[TASK]
Only the lines from the one with "1960s Red Velvet Belled Sleeved Dress" through the end of the material are wanted, copied exactly and with the pictures left out.

[DATASET EXTRACT]
• • • • •
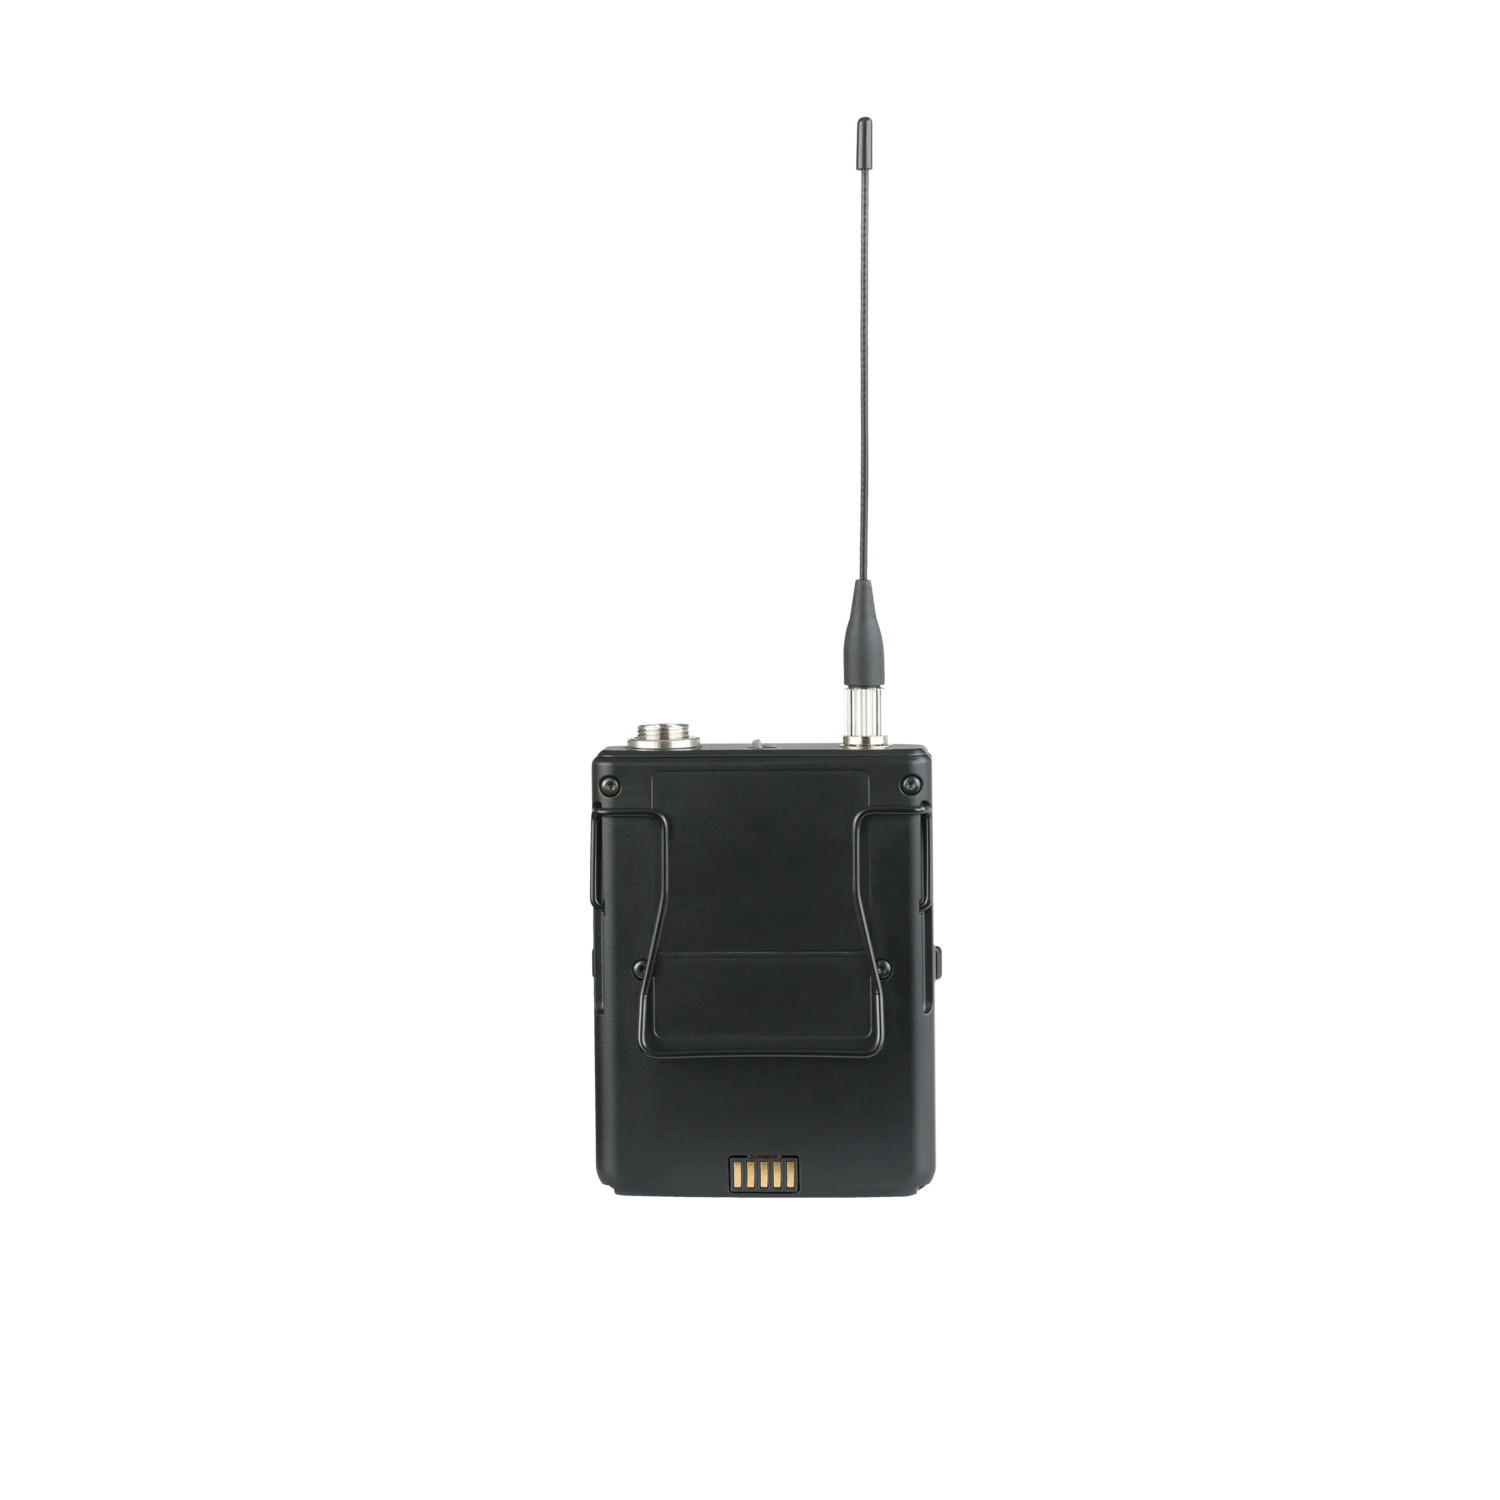 Shure-ULXD1-G51-digitale-bodypack-zender
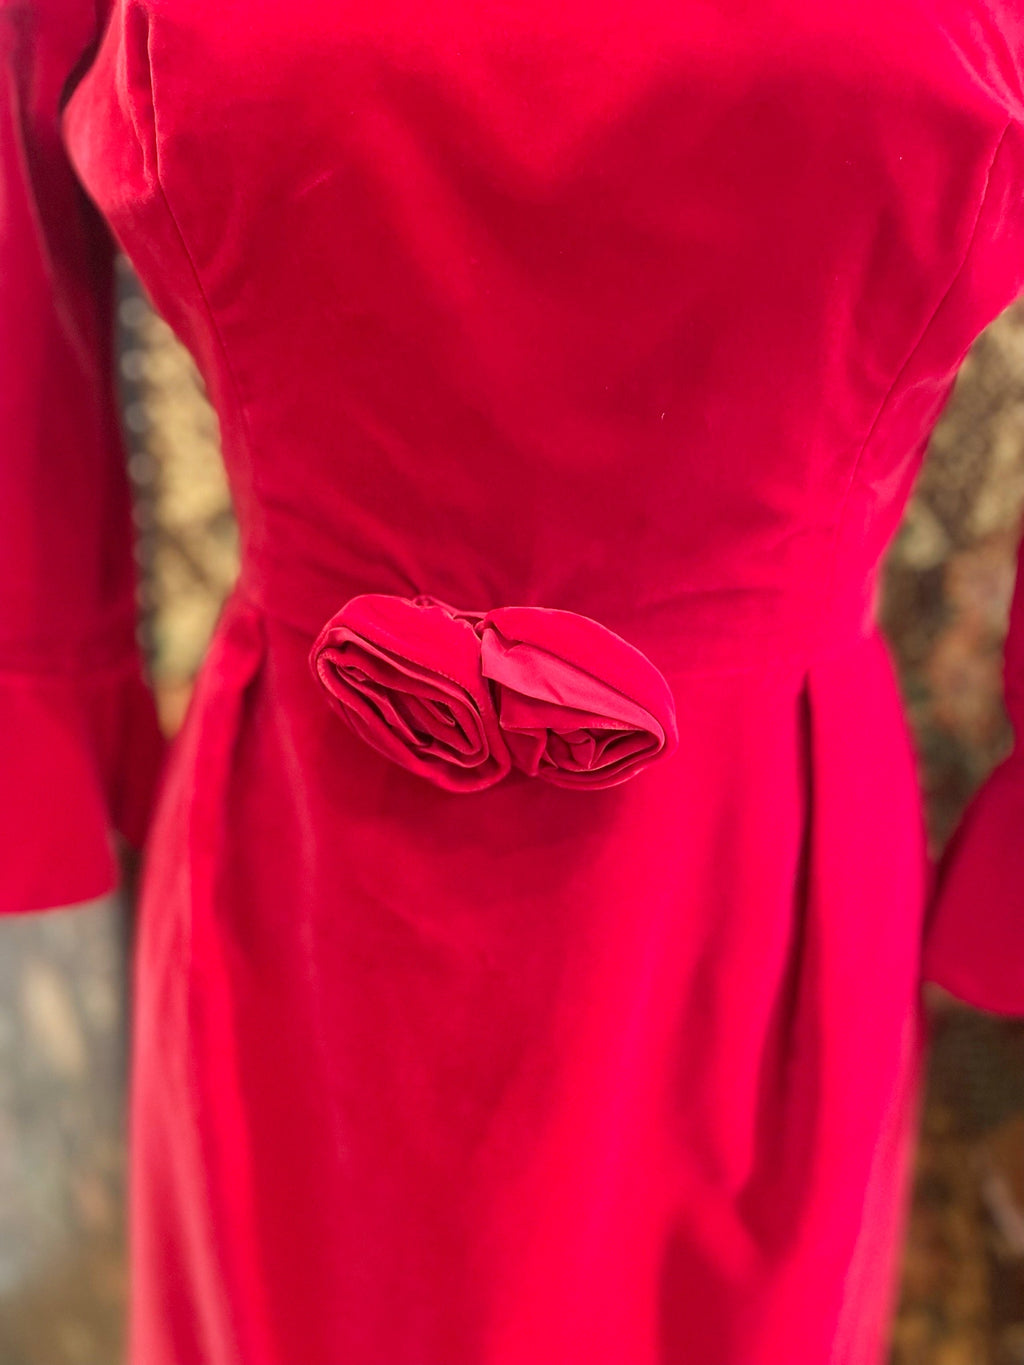 1960s Red Velvet Belled Sleeved Dress
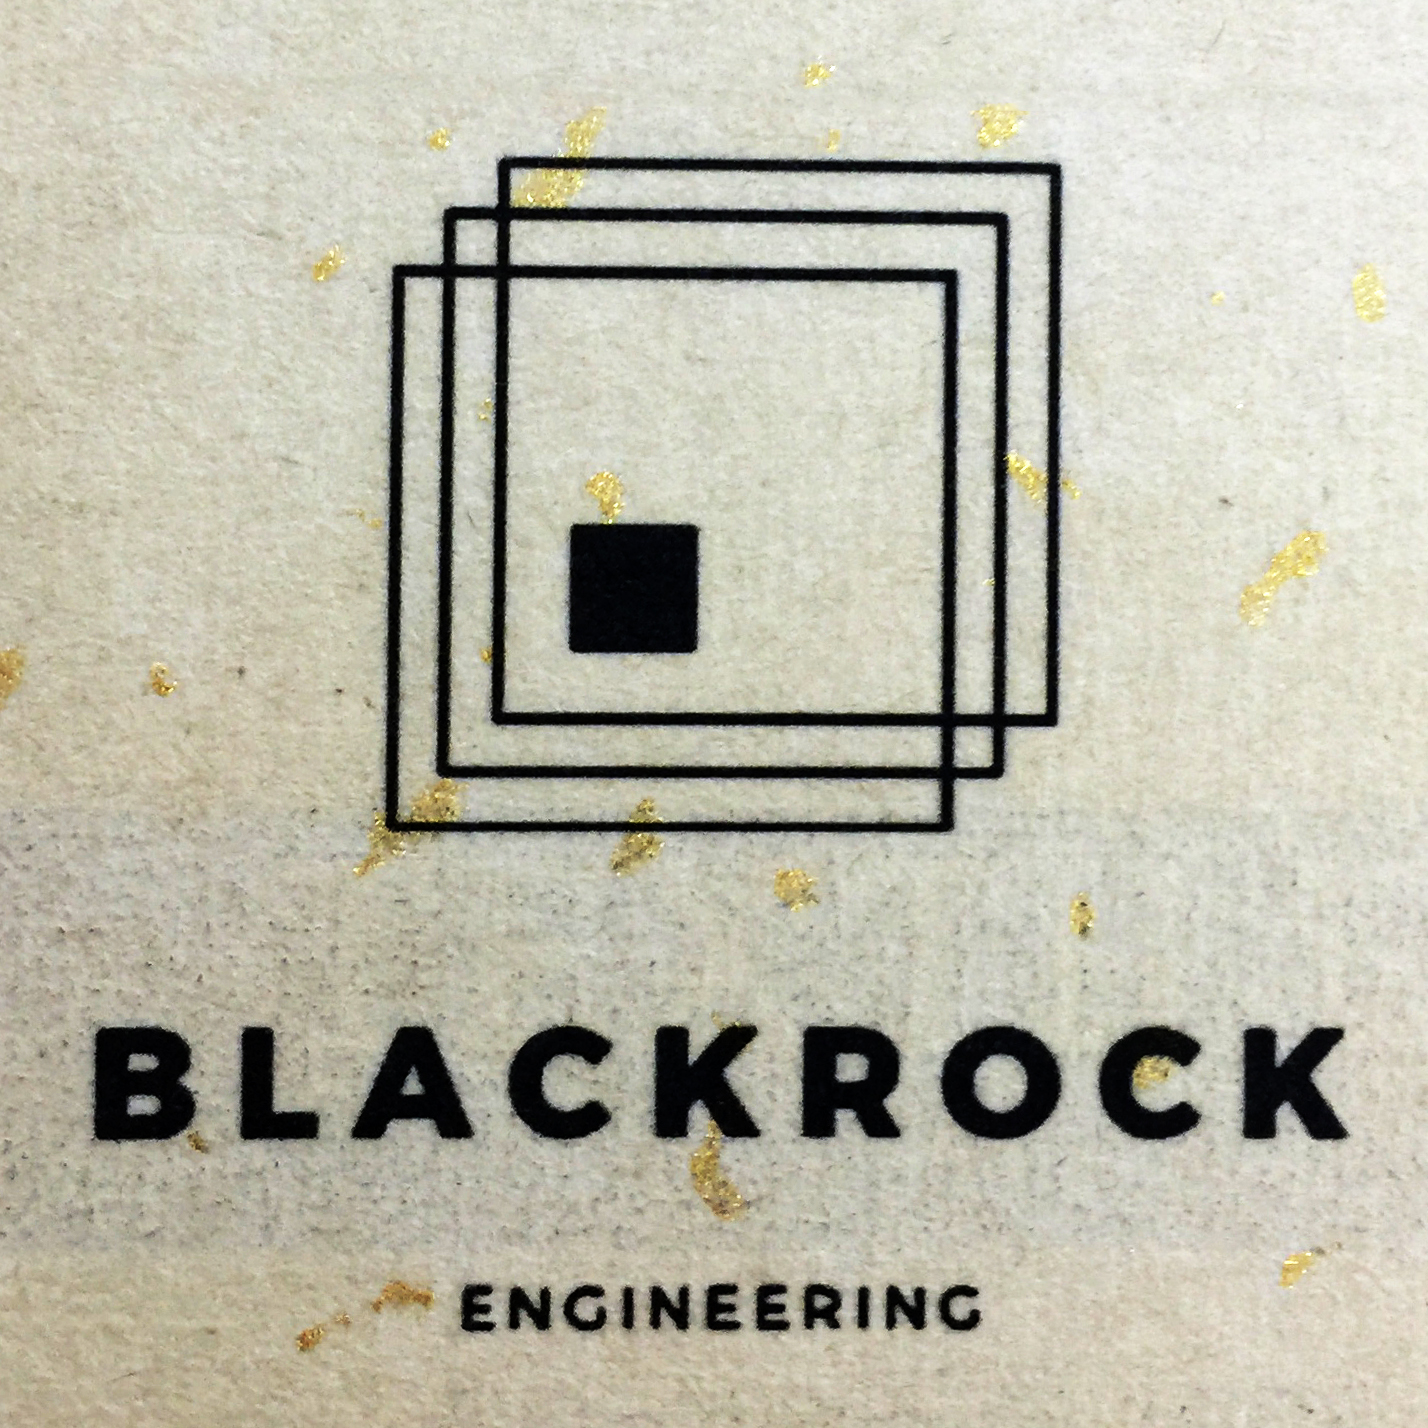 Gold Speckle Vintage Paper Sticker Material, Blackrock Engineering
• • • • •
[RESPONSE BOX]
 1960s Red Velvet Belled Sleeved Dress
 Gold Speckle Vintage Paper Sticker Material, Blackrock Engineering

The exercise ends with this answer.